D - Unsafe and doomed

Mon Jan 6 05:40:08 PST 2014

On Monday, 6 January 2014 at 04:16:56 UTC, H. S. Teoh wrote:
> Since a null pointer implies that there's some kind of logic 
> error in
> the code, how much confidence do you have that the other 99 
> concurrent
> requests aren't being wrongly processed too?

That doesn't matter if the service isn't critical, it only 
matters if it destructively writes to a database. You can also 
shut down parts of the service rather than the entire service.

> Based on this, I'm inclined to say that if a web request process
> encountered a NULL pointer, it's probably better to just reset 
> back to a known-good state by restarting.

I many cases it might be, but it should be up to the project 
management or the organization to set the policy, not the 
language designer. This is an issue I have with many of the "c++ 
wannabe languages". They enforce policies that shouldn't be done 
on the level of a tool (it could be a compiler option though). My 
pet peeve is Go and its banning of assert() because many 
programmers use it in an appropriate manner. In D you have the 
overloading of conditionals and others. With Ada and Rust, it is 
ok, because they exist to enforce a policy for existing 
organizations (DoD, Mozilla). Generic programming languages that 
claim should be more adaptable.

> No, usually you'd set things up so that if the webserver goes 
> down, an init script would restart it. Restarting is 
> preferable, because it resets the program back to a known-good 
> state.

The program might be written in such a way that you know that it 
is a good state when you catch the null exception.

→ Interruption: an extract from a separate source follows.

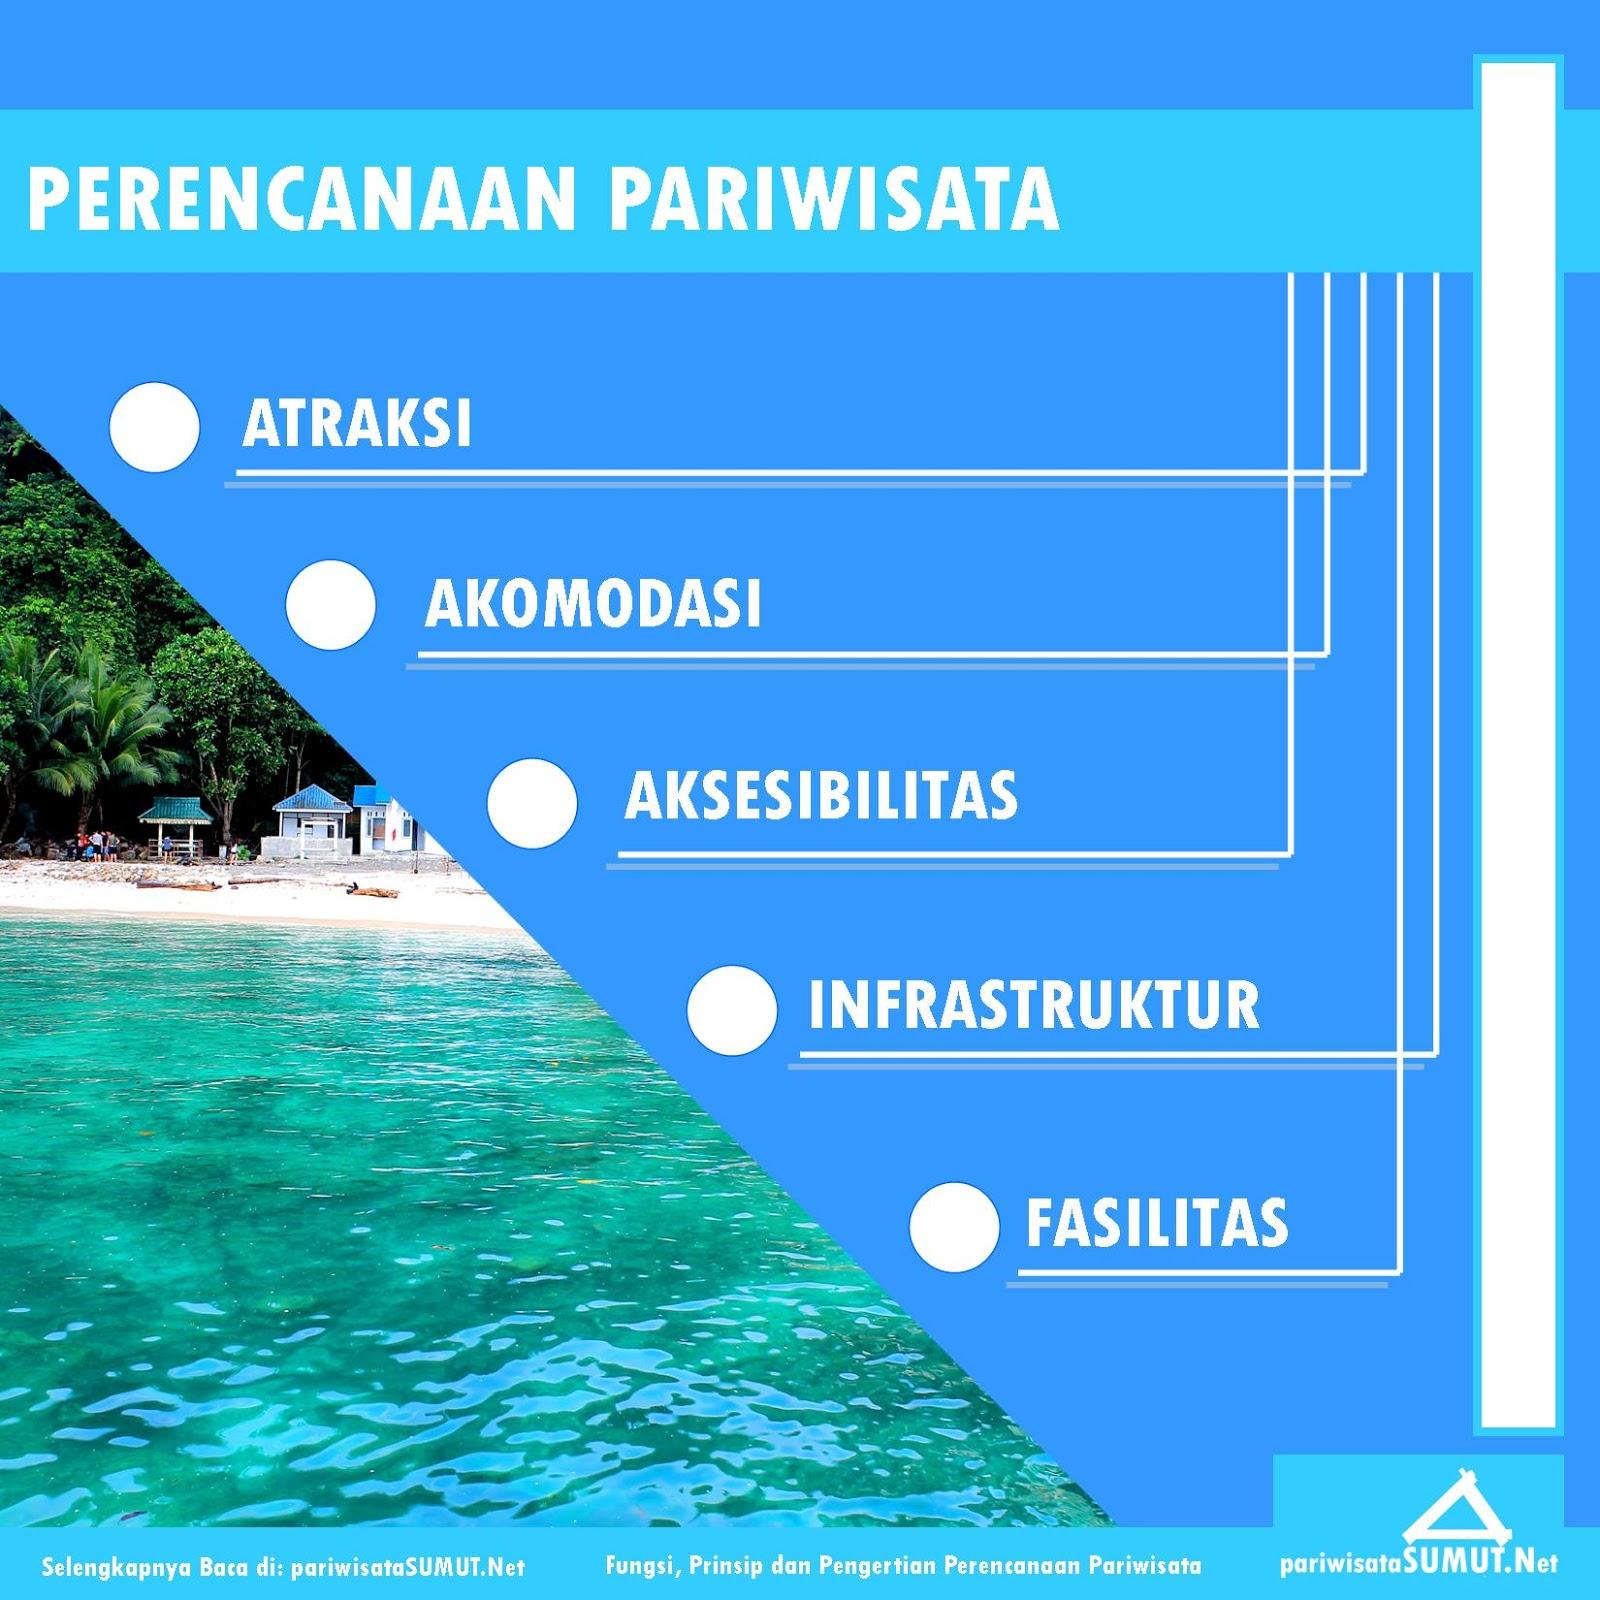 Fungsi, Prinsip dan Pengertian Perencanaan Pariwisata - Pariwisata

> careless bug, but a symptom of somebody attempting to inject a 
> root
> exploit?  Blindly continuing will only play into the hand of the
> attacker.

Protection against root exploits should be done on lower level 
(jail).

> The thing is, a null pointer error isn't just an exceptional 
> condition
> caused by bad user data; it's a *logic* error in the code. It's 
> a sign
> that something is wrong with the program logic.

And so is array-out-of bounds, or division-by-zero.

> Tell the client not to do that again? *That* sounds like the 
> formula for
> a DoS vector (a rogue client deliberately sending the crashing 
> request
> over and over again).

What else can you do? You return an error and block subsequent 
requests if appropriate.

In a networked  computer game you log misbehaviour, you drop the 
client after a random delay and you can block the offender. What 
you do not want is to disable the entire service. It is better to 
run a somewhat faulty service that entertain and retain your 
customers than shutting down until a bug fix appears. If it takes 
15-30 seconds to bring the server back up then you cannot afford 
to reset all the time.

I can point to many launches of online computer games that has 
resulted in massive losses due to servers going down during the 
first few weeks. That is actually one good reason to not use C++ 
in game servers, the lack of robustness to failure. In some 
domains the ability to keep the service running, and the ability 
to turn off parts of the service, is more important than 
correctness. What you want is a log of player-resources so that 
you post-failure can restore game balance.

> data and start over. This is a case of a problem with the 
> *code*, which
> means you cannot trust the program will continue doing what you

That depends on how the program is written and in which area the 
null exception happend. It might even be a known bug that might 
take a long time to locate and fix, but that is known to be 
innocent.

> things will still work the way you think they work, will only 
> lead to
> your program running the exploit code that has been injected 
> into the
> corrupted stack.

Pages with execution bit set should be write protected. You can 
only jump into existing code, injection of code isn't really 
possible. So if the existing code is unknown to the attacker that 
attack vector is weak.

> The safest recourse is to reset the program back to a known 
> state.

I see no problem with trapping None-failures in pure Python and 
keeping the service running. The places where it can happen tend 
to be when you are looking up a non-existing object in a 
database. Quite innocent if you can backtrack all the way down to 
the request handler and return an appropriate status code.

If you use the safe subset of D, why should it be different?